Reimagining Public Markets & Regulatory Reform

  • Broken IPO Market: Companies remain private for extended periods, limiting wealth creation for broader investors and exacerbating societal wealth concentration.
  • Crypto's Transparency Advantage: On-chain businesses inherently offer public, verifiable data, which could enable a regulatory model based on enhanced disclosure rather than heavy-handed rules.
  • "Equities Light" Proposal: Mike suggests a new regulatory approach for crypto-based businesses: lower disclosure barriers for those operating entirely on-chain, allowing greater transparency to reduce the need for extensive regulation.
  • Mike asserts, "What crypto has told us is that we need to reevaluate equities laws in the US."

Corporate Tokens & The Path Forward

  • Corporate Token Catalyst: Large corporations launching tokens (e.g., Coinbase's Base, Tempo) will likely force a clearer definition of token rights and value accrual, as retail investors may flock to familiar brands.
  • Buybacks as a Signal: Protocols like Pump.fun and Hyperliquid use token buybacks to signal value and commitment to token holders, potentially becoming a new industry standard for demonstrating alignment.
  • Industry Consolidation: The current environment will differentiate strong teams willing to undertake difficult restructuring from those clinging to outdated models, leading to market consolidation.
  • Miles concludes, "I think we're legitimately running out of buyers that people want to buy this stuff... if you're not just going to go through this cycle of speculation driving gains, you need something else."
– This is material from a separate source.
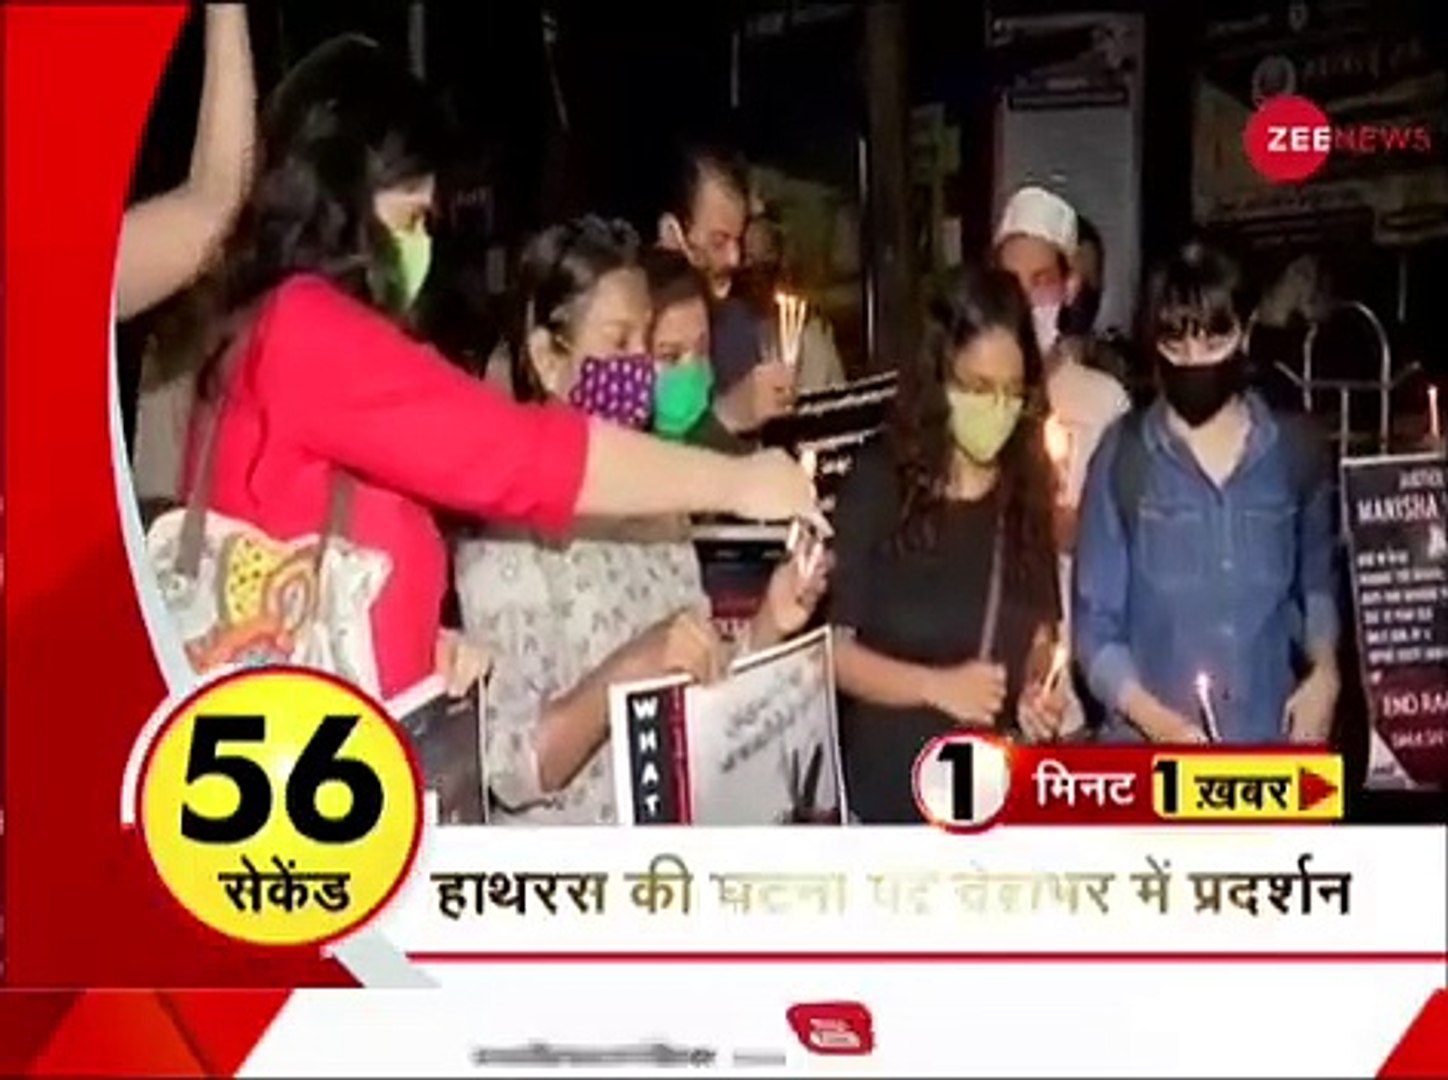 News in hindi || Today latest news in hindi || 1 minute 1 khabar || Morning latest news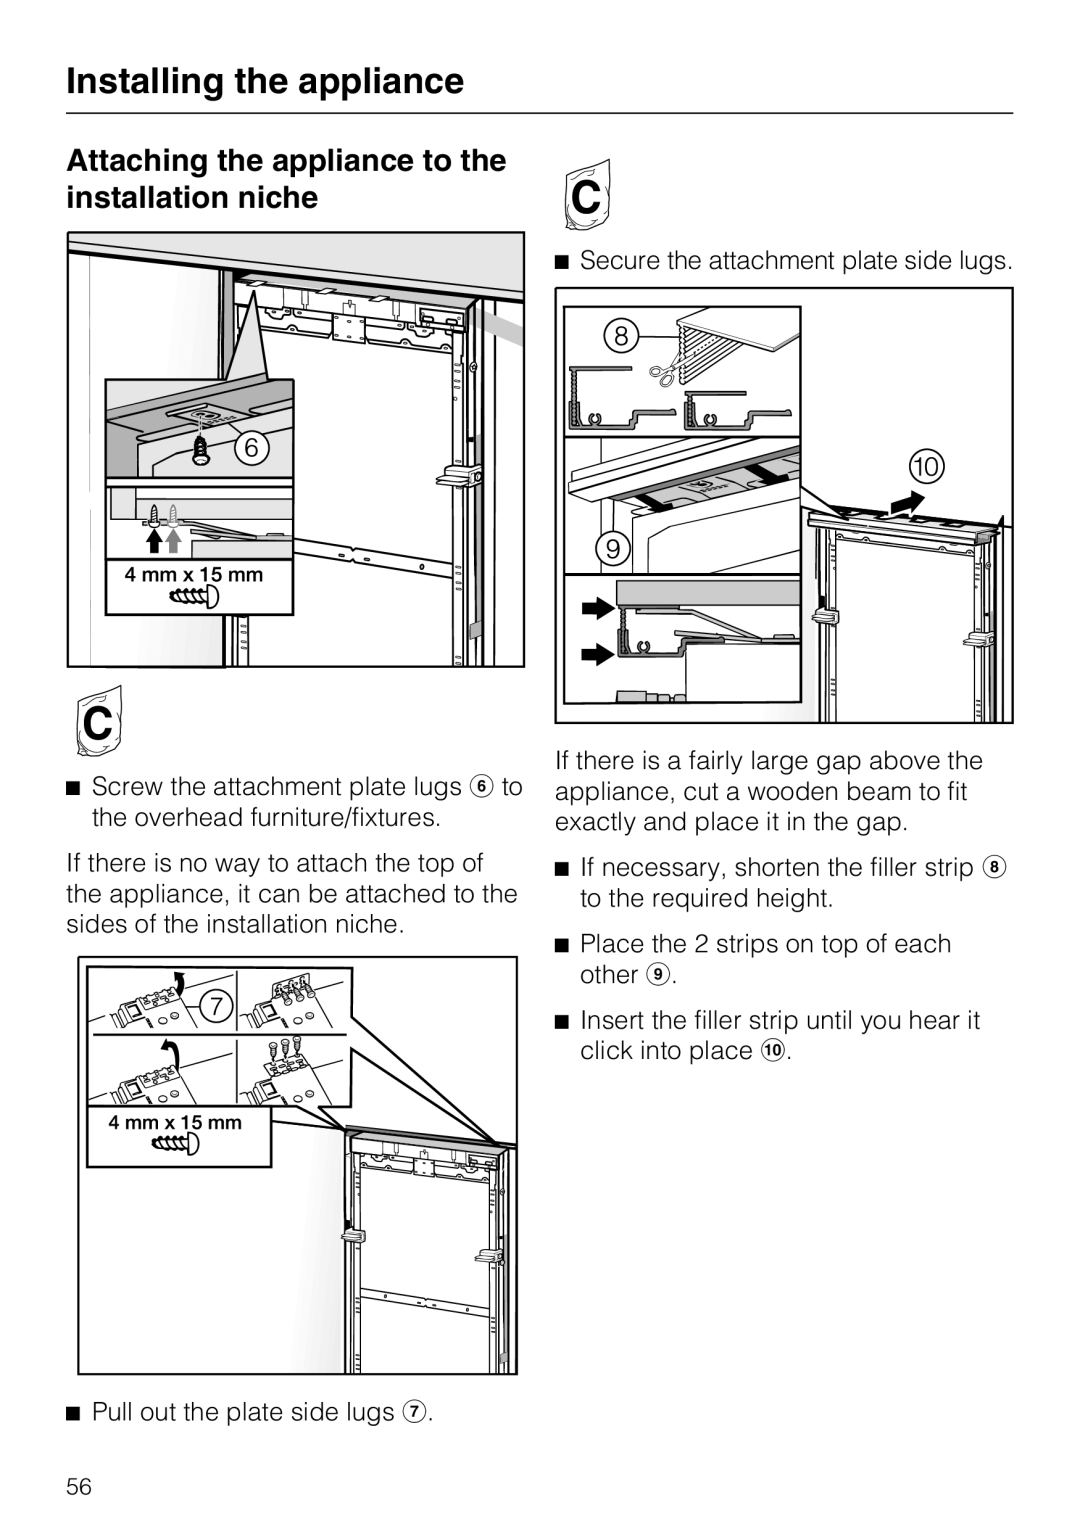 Miele 09 920 570 installation instructions Attaching the appliance to the installation niche, Installing the appliance

Investor & Researcher Alpha

  • Capital Reallocation: Expect capital to shift towards protocols demonstrating clear token utility, transparent value accrual, and strong founder-token holder alignment, potentially favoring those undergoing difficult restructuring like Uniswap.
  • M&A Due Diligence: Investors must scrutinize the equity-token split in early-stage deals. Acquisitions will increasingly target equity and IP, leaving token-only positions vulnerable to dilution or exclusion from acquisition benefits.
  • Regulatory Push: Research into "equities light" frameworks and on-chain disclosure standards will gain prominence. Protocols that proactively implement verifiable on-chain revenue and value accrual mechanisms will differentiate themselves.

Strategic Conclusion

Crypto's broken token structures demand immediate, fundamental reform. The industry must define clear token rights, align incentives between founders and token holders, and advocate for "equities light" regulation. The next step is a period of intense restructuring and consolidation, forcing protocols to build transparent, value-accruing models that prioritize long-term investor trust.